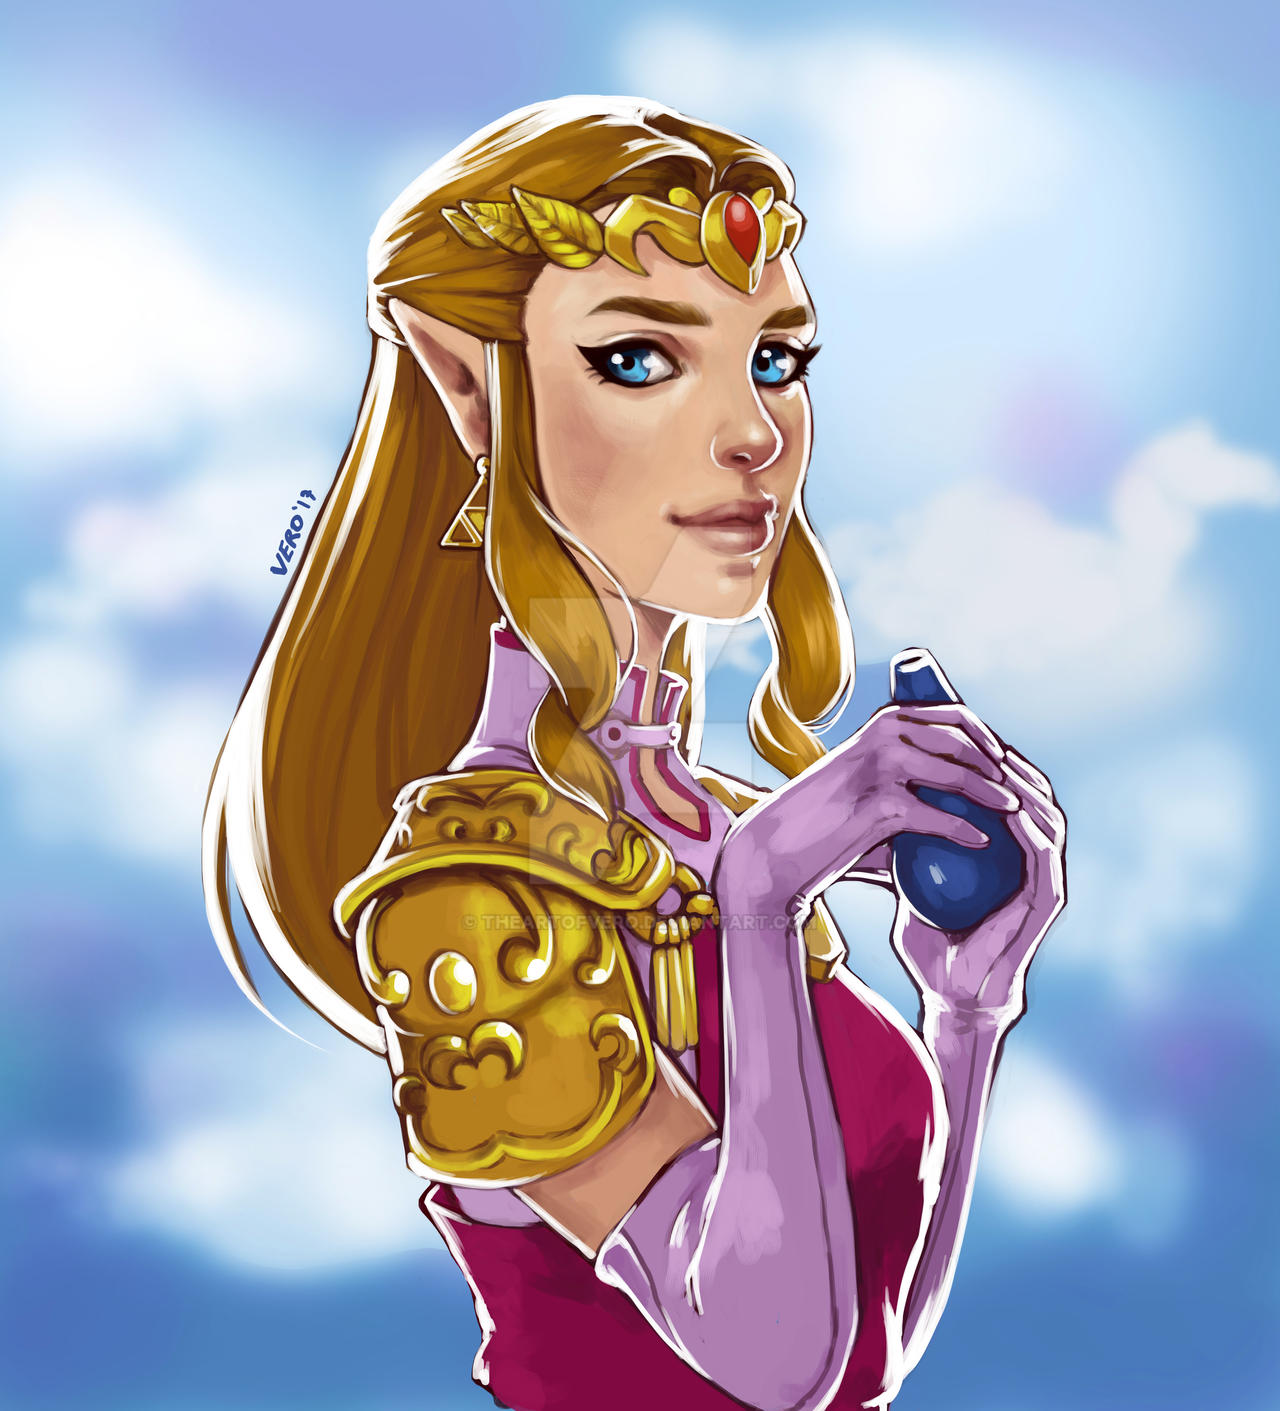 Princess Zelda Ocarina Of Time By Theartofvero On Deviantart
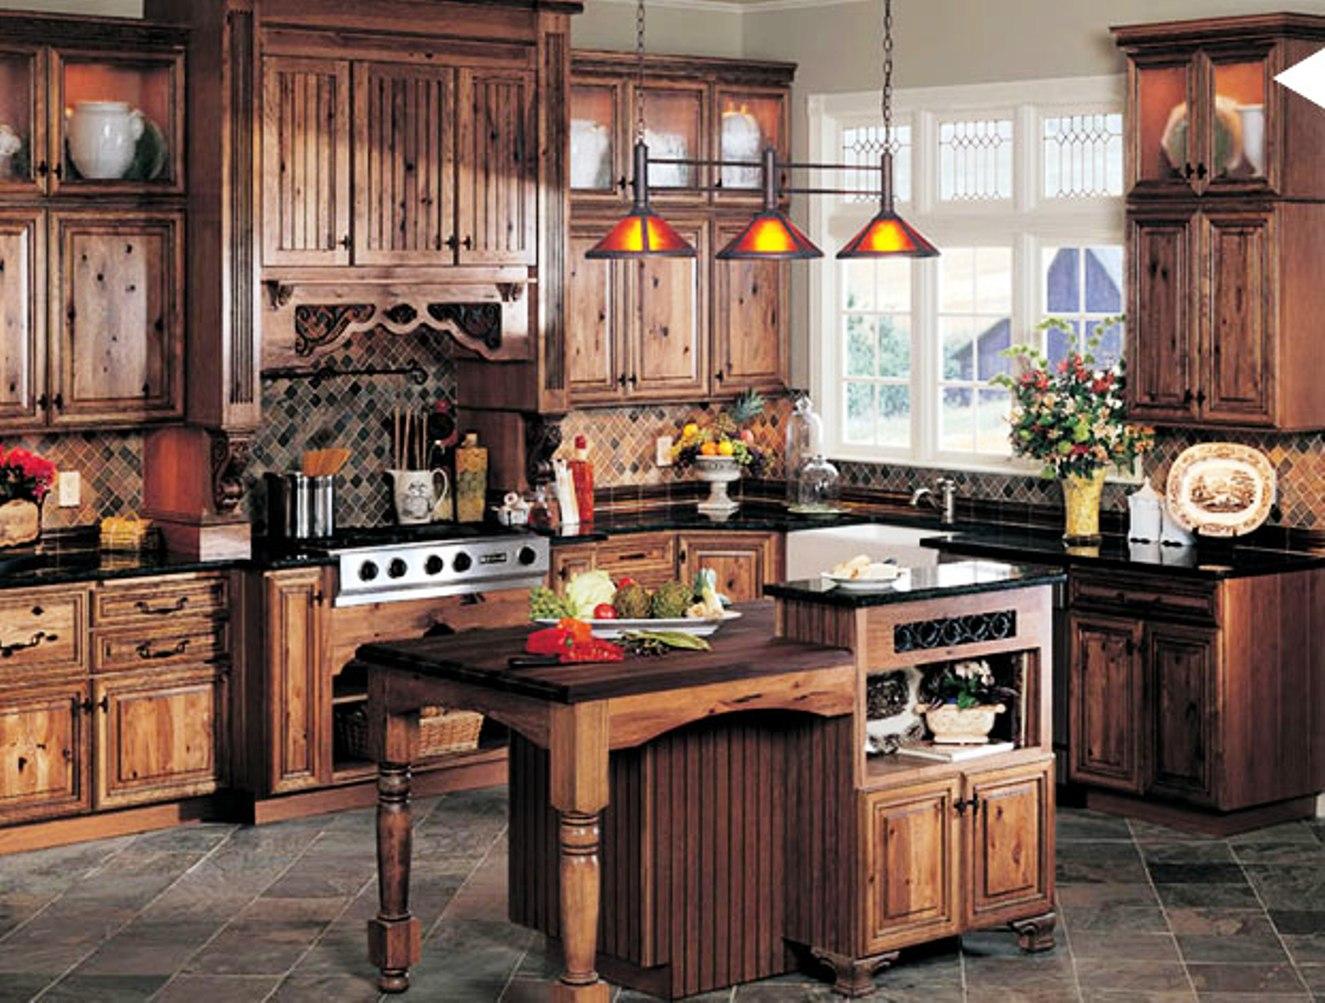 Rustic Kitchen Cabinets - Rustic Kitchen Design Inspiration
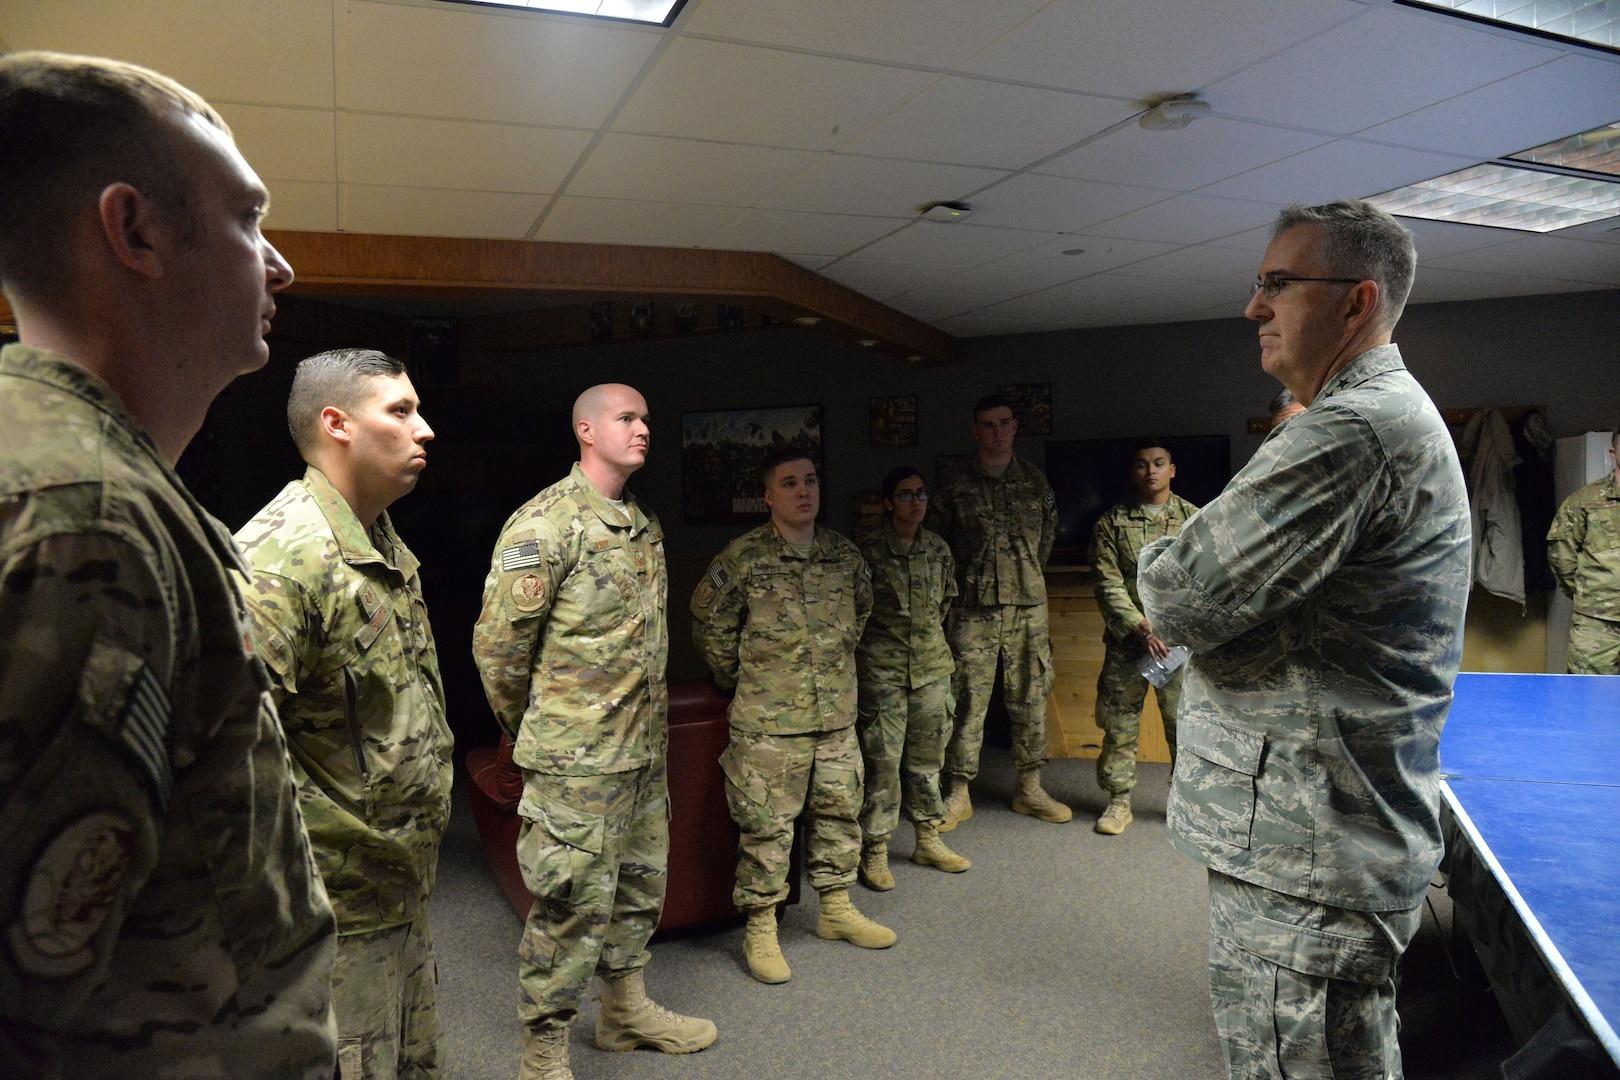 U.S. Air Force Gen. John Hyten, commander of U.S. Strategic Command (USSTRATCOM), speaks with airmen at a missile alert facility near Simms, Mont., Jan. 16, 2018.

**Goal of the exercise:** Write out the listing above again, exactly, but with no pictures in the copy.

**Answer to the problem:**
 Princess Zelda Ocarina Of Time By Theartofvero On Deviantart
 Rustic Kitchen Cabinets - Rustic Kitchen Design Inspiration
 U.S. Air Force Gen. John Hyten, commander of U.S. Strategic Command (USSTRATCOM), speaks with airmen at a missile alert facility near Simms, Mont., Jan. 16, 2018.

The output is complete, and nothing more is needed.